## AIM OF THE EXERCISE
A faithful copy of all the data is required; pictures should not be included.

## DATA SEGMENT
= = = =

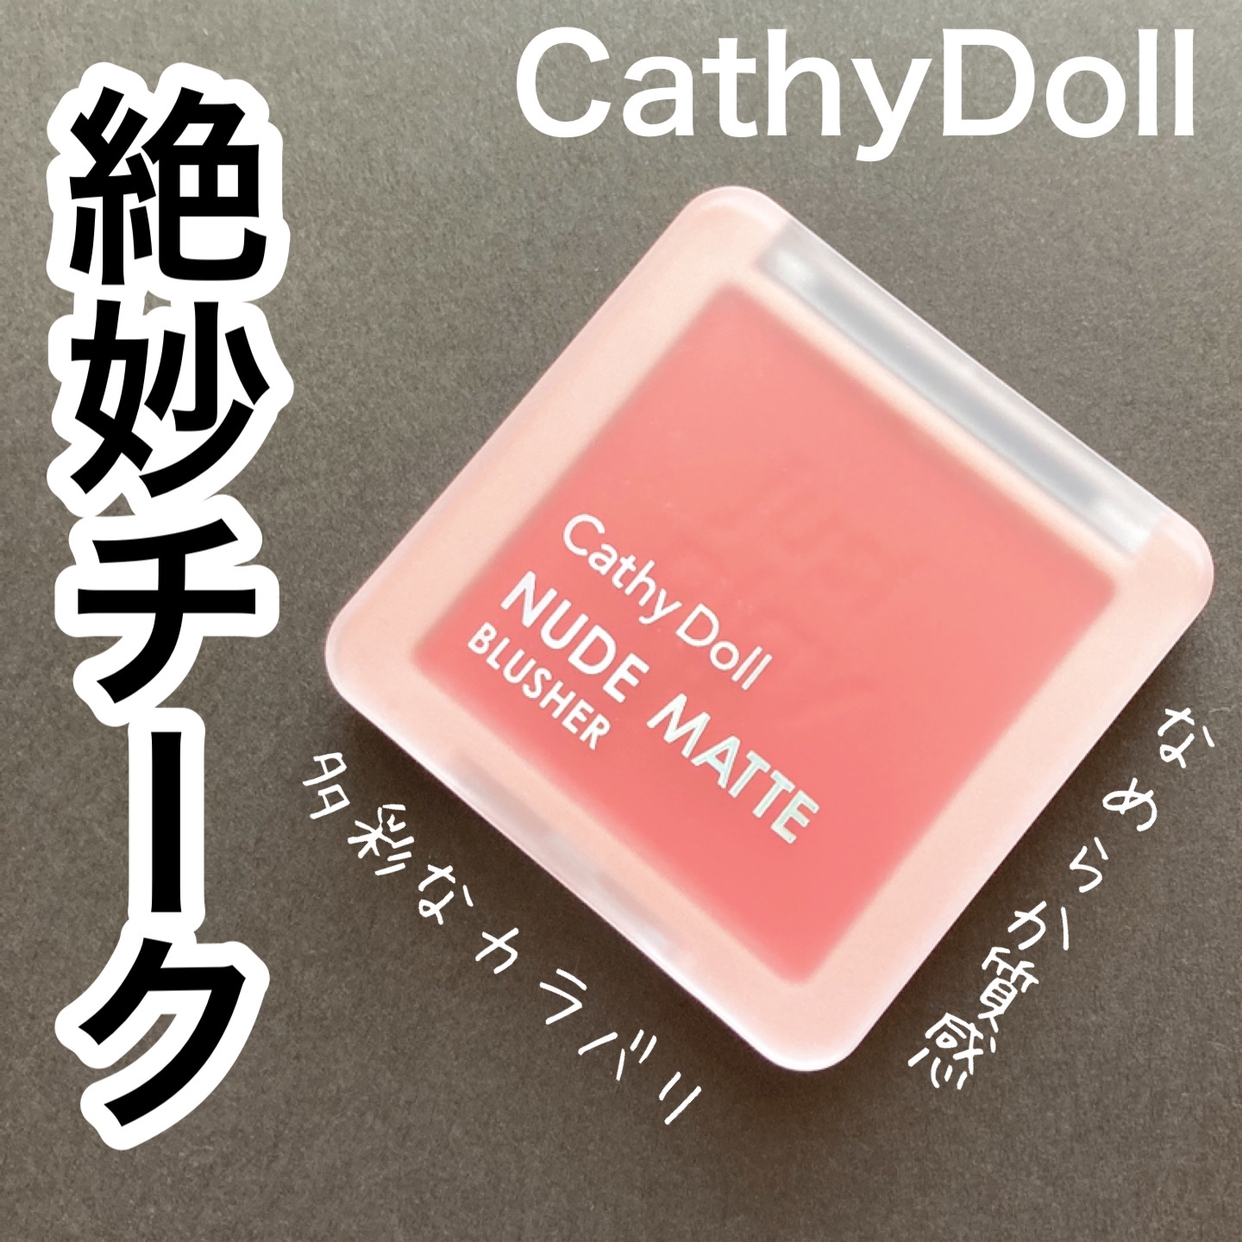 Cathy Doll(キャシードール) ヌードマットブラッシャーを使ったyunaさんのクチコミ画像1
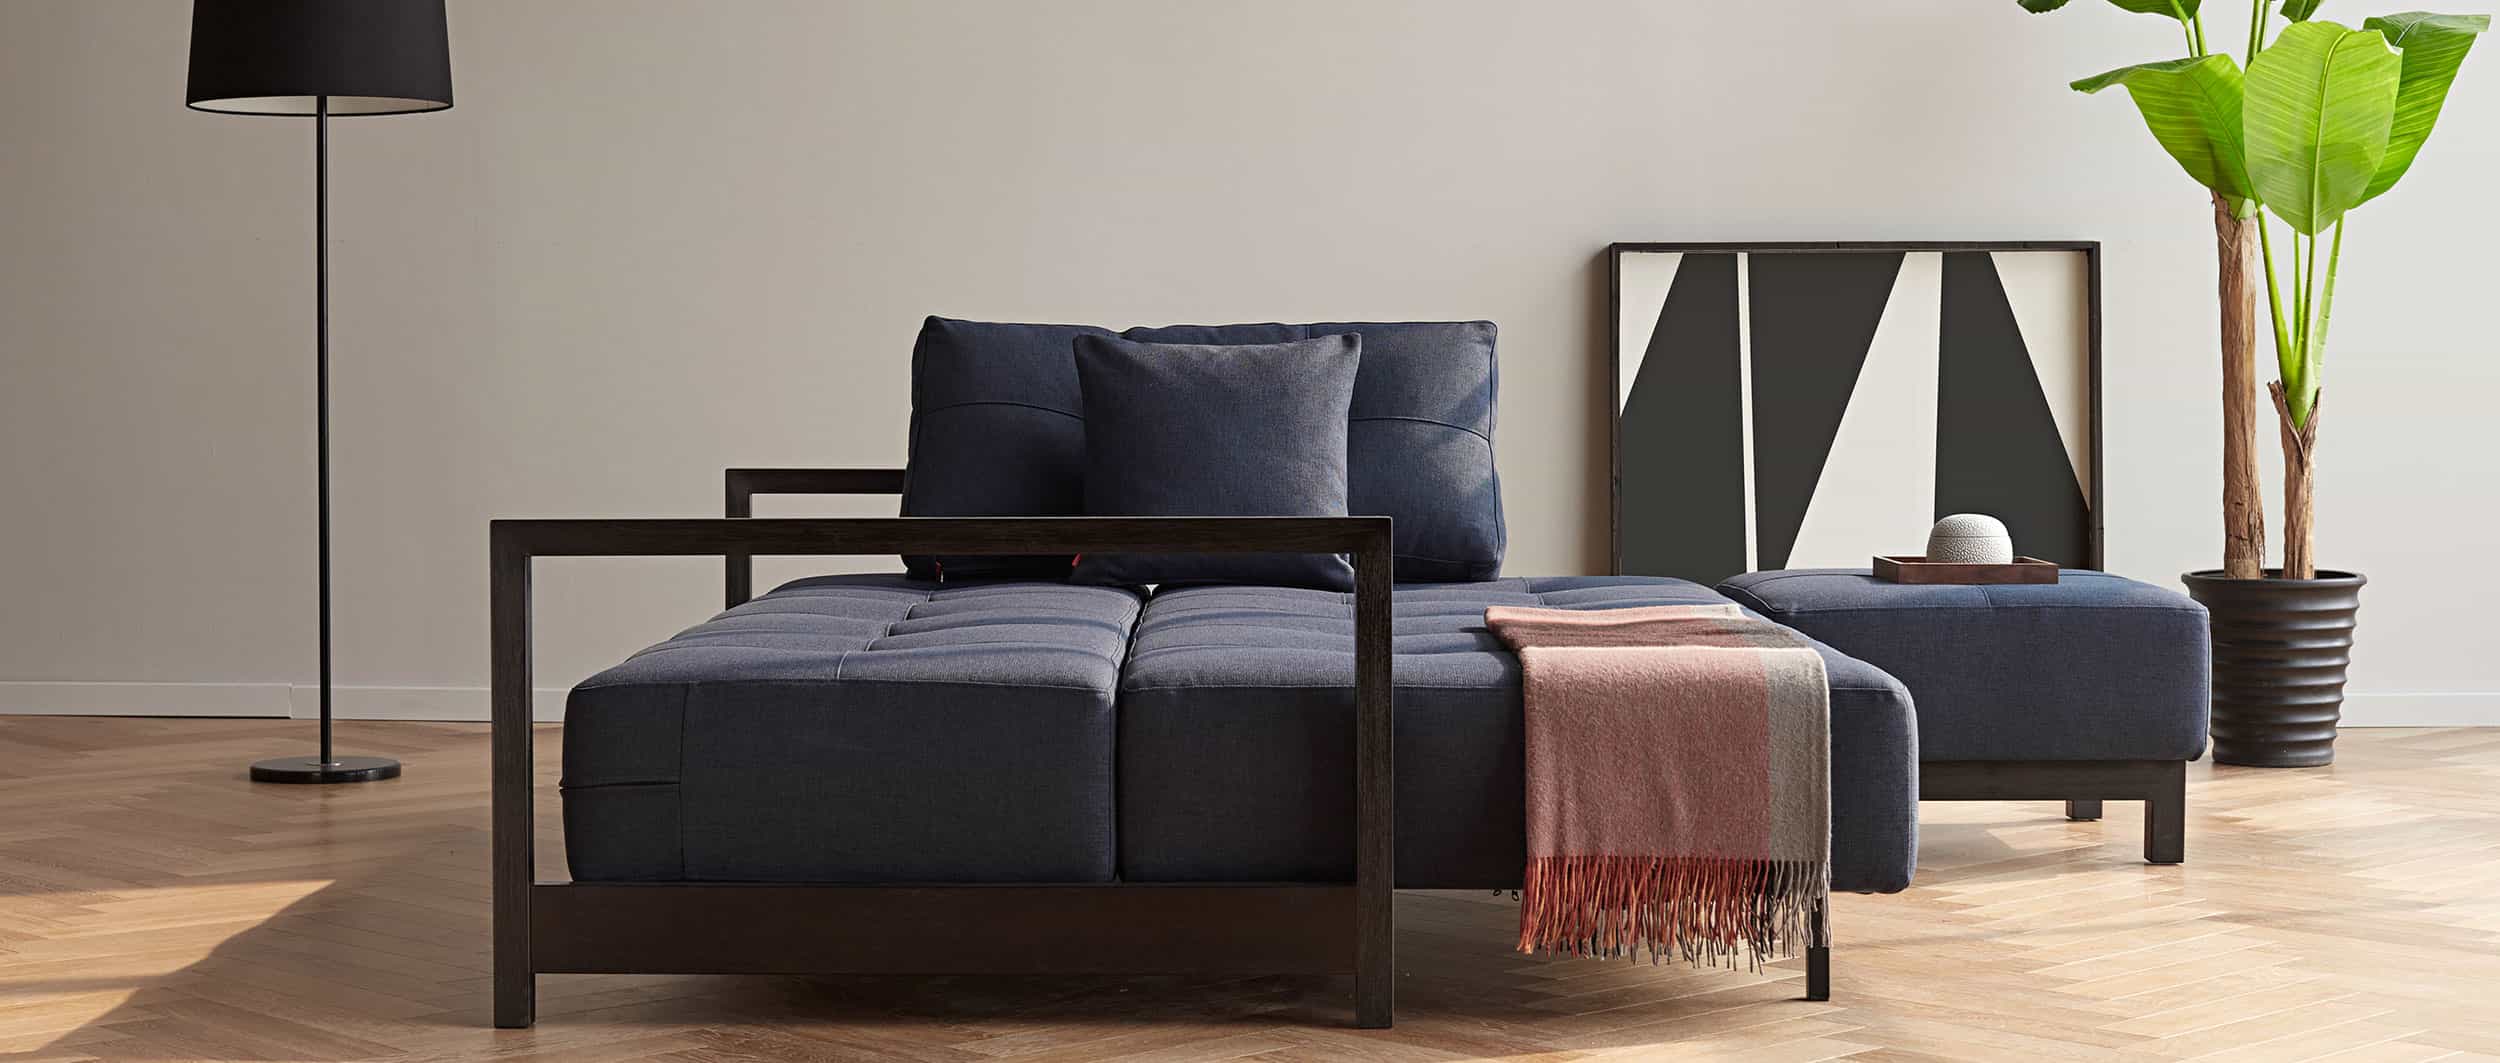 BIFROST DELUXE EXCESS Schlafsofa von Innovation mit schwarzen Armlehnen aus Holz, Lounge Sofa mit Hocker - Liegefläche 155x200
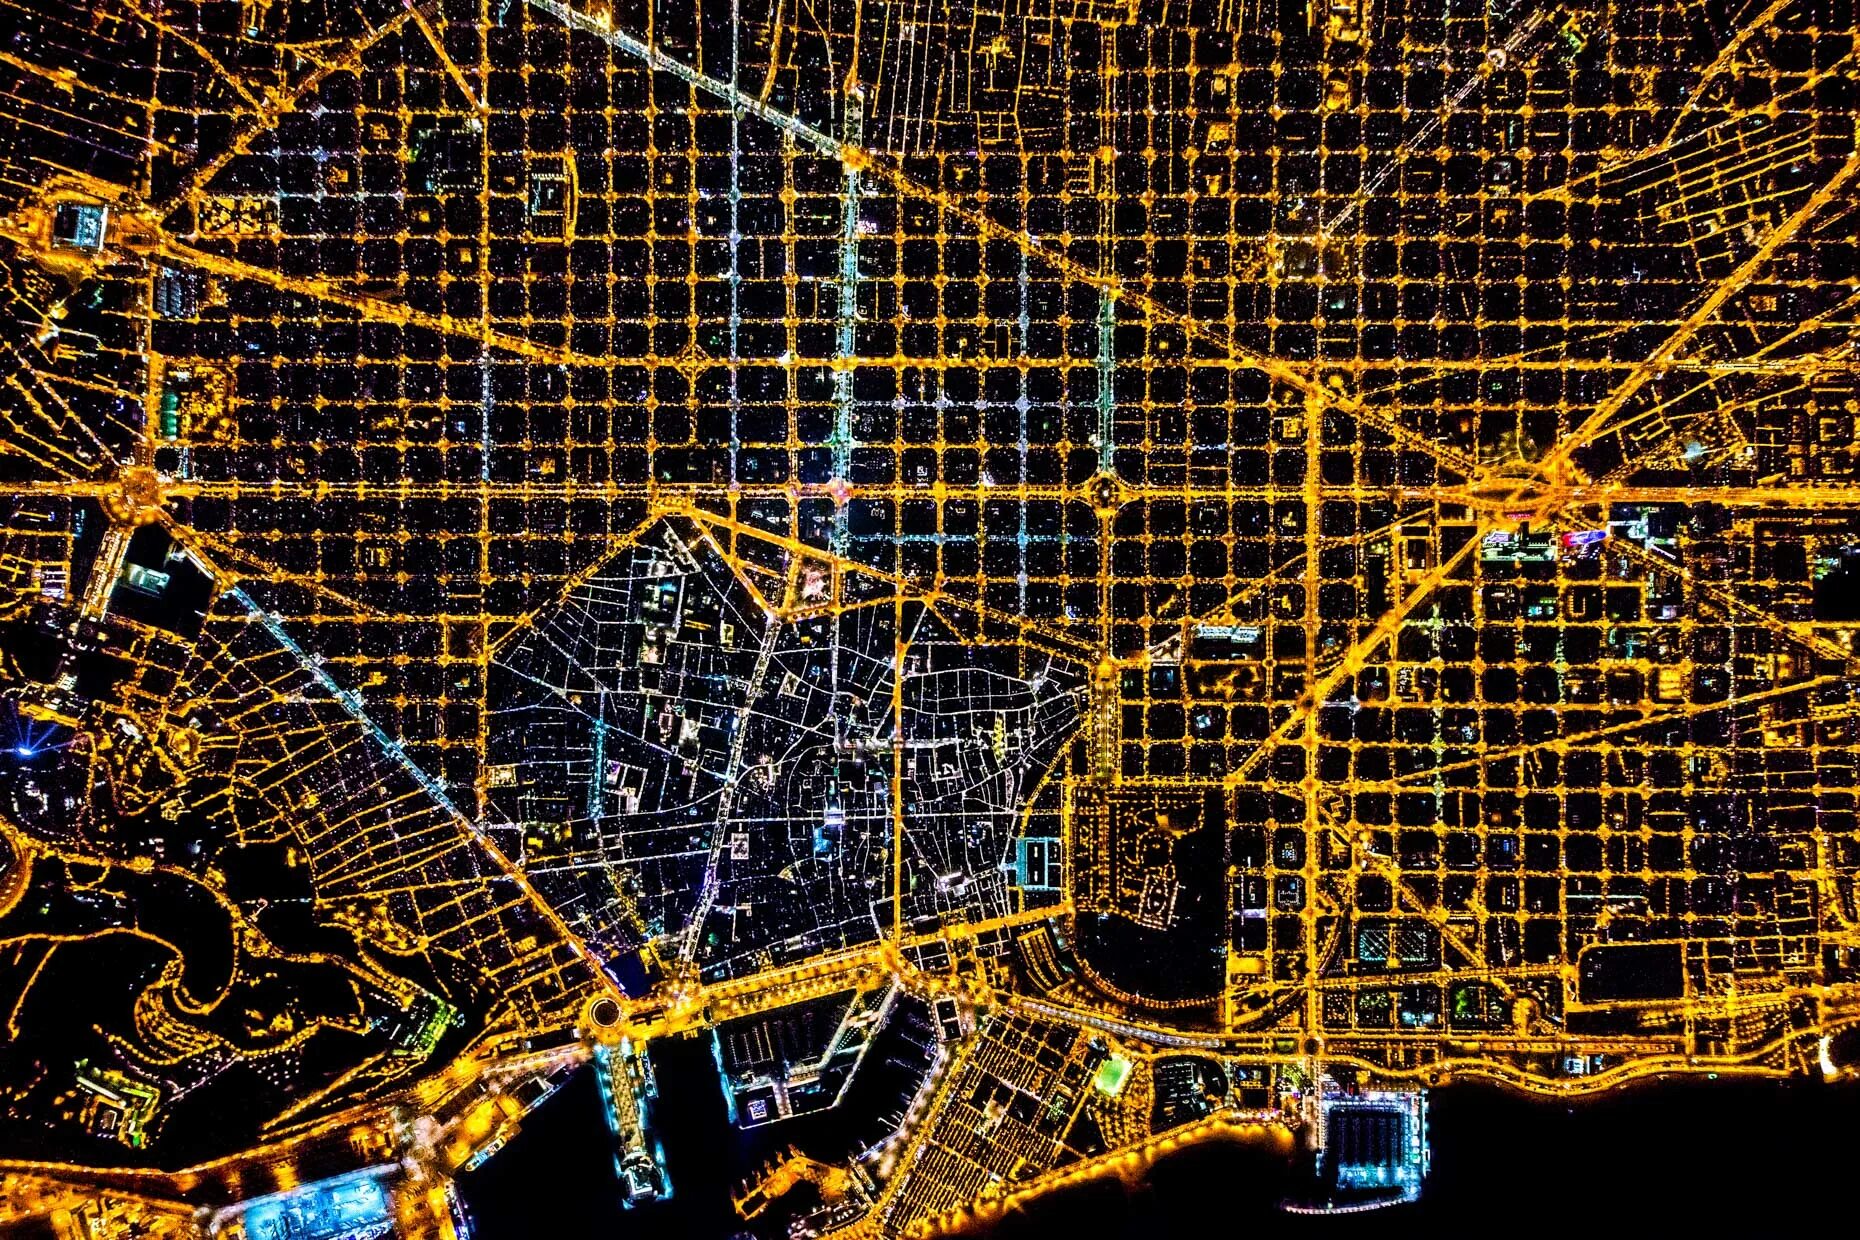 Бит сверху. Ночной город сверху. Барселона вид из космоса. Барселона вид сверху ночью. План города.

= = = =

## WRITTEN ANSWER
 Cathy Doll(キャシードール) ヌードマットブラッシャーを使ったyunaさんのクチコミ画像1
 BIFROST DELUXE EXCESS Schlafsofa von Innovation mit schwarzen Armlehnen aus Holz, Lounge Sofa mit Hocker - Liegefläche 155x200
 Бит сверху. Ночной город сверху. Барселона вид из космоса. Барселона вид сверху ночью. План города.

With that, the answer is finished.